Virtual Exhibition Vernissage Form & Landscape: Bauhaus in New England

BH Kugel House Photo: Mark Römisch

Thu, 06/25/2020

6:00 PM

A Conversation with photographer Mark Römisch and Peter McMahon, founding director of Cape Cod Modern House Trust


Via Zoom Webinar (please RSVP)
Many are surprised to find that New England, with its colonial building style and puritan spirit, developed into a hub of the Bauhaus diaspora. Commissioned by the Goethe-Institut Boston in 2018, Mark visualized this very special connection by means of a photographic exploration of the little-known colonies in Wellfleet, Lincoln, and Lexington. Join Mark and Peter for an informal conversation that explores the connections between Bauhaus, New England and Nature, and experience an exclusive view into these hidden Bauhaus gems.
Unfortunately the exhibition Form and Landscape: Bauhaus in New England which was scheduled to open at the Goethe-Institut Boston in April, had to postponed due to the Corona Pandemic.

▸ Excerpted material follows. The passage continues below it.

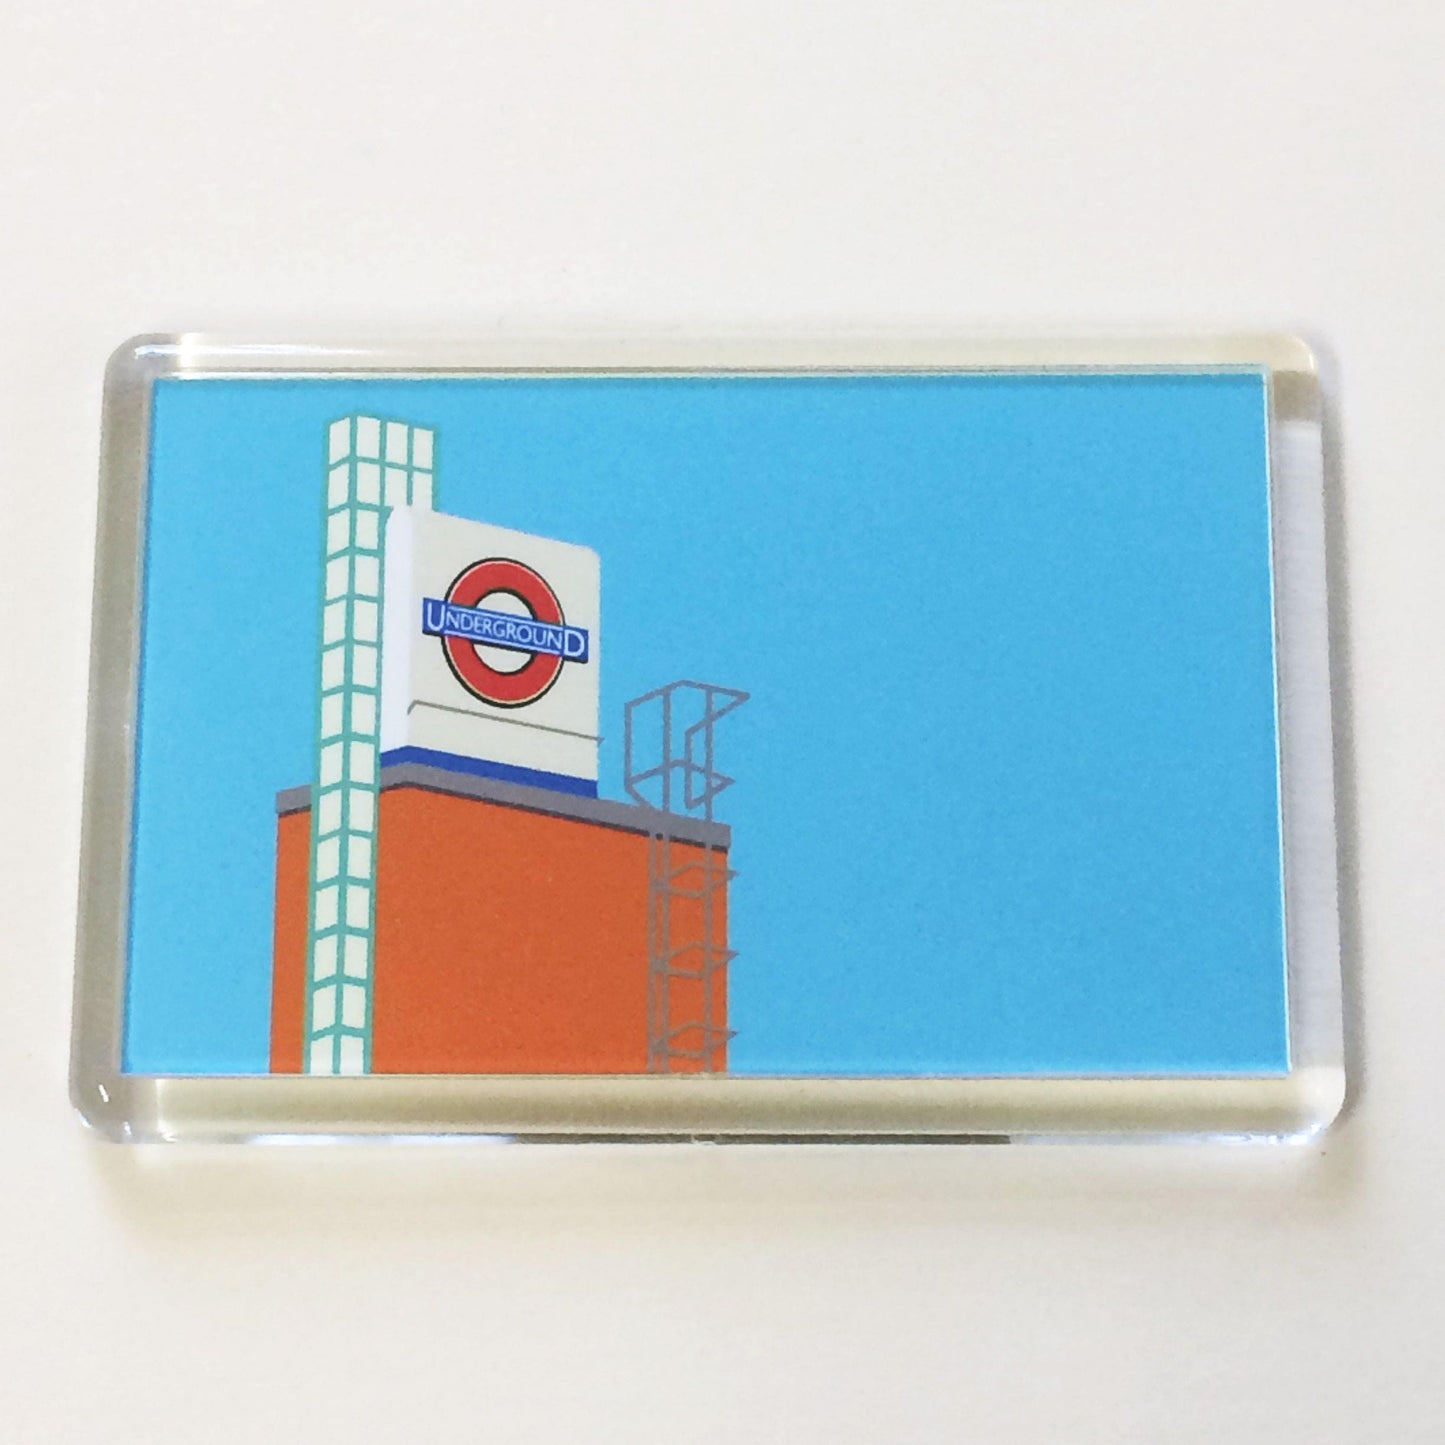 LONDON Underground Fridge magnet from the 'Art Deco Tube Stations' Collection by Rebecca Pymar

This event will also be streamed live on our Facebook page at: https://www.facebook.com/goetheinstitut.boston

Cocktail Part to follow!
(No rsvp necessary - Zoom link will be shared during the Webinar)

Join us with your favorite drink for an informal virtual gathering and share your favorite Bauhaus stories. We will also use the occasion to thank the many people who generously offered their time and access to their properties to help make this project a success.


Mark Römisch, born in 1974 in Cologne, is a German photographer, actor and theater director. His photographic work reflects his fascination with visualizing abstract topics ranging from current political and human rights issues to exploring the interaction of Man and Nature. His work as an actor and theater director continuously influences the visual language in his photographic works which move between the documentary and fictuional.

Peter McMahon is the Founding Director of the Cape Cod Modern House Trust, incorporated in 2007 to archive, restore and celebrate the Outer Cape’s outstanding modern architecture and the creative culture that surrounded it. He is co-author, along with Christine Cipriani, of Cape Cod Modern, Mid-Century Architecture and Community on the Outer Cape, 2014, Metropolis Books. His design practice in South Wellfleet focuses on sustainable, modern architecture and restoration of mid-20th century buildings.


Form and Landscape: Bauhaus in New England
A photographic encounter with Bauhaus colonies in Wellfleet, Lincoln and Lexington


Many are surprised to find that New England, with its colonial building style and puritan spirit, developed into a hub of the Bauhaus diaspora. Walter Gropius, the founder of the Bauhaus, came to Harvard in 1937, and other Bauhäusler including Marcel Breuer, Josef Albers and Herbert Bayer, followed him to New England. Their influence among students and architects spread quickly, but New England also had an effect on their ideas imported from Germany and generated a very unique form of Bauhaus expression.
 
Although their buildings initially shocked New Englanders with their modernist flat roofs and boxy style, the Bauhäusler in fact honored New England architectural traditions by using brick, fieldstone and wood, which follow the traditional Bauhaus principles of simplicity, functionality and affordability. As a result they succeeded in demonstrating that it was possible to erect modern structures using existing, low-cost American products.
 
For the Bauhaus anniversary the Goethe-Institut Boston wanted to visualize this very special connection and mutual attraction between the Bauhaus and New England by means of a photographic exploration of the little-known colonies in Wellfleet, Lincoln and Lexington. It was not envisioned as a documentary approach, rather an artistic one, a photo essay. Mark Römisch’s camera carefully approaches from the shadows of nature, quietly penetrates the architecture, then lingers on details while only hinting at the houses. Completeness was never the goal. And yet, by these very means, Römisch captures the essence of these buildings and their inhabitants.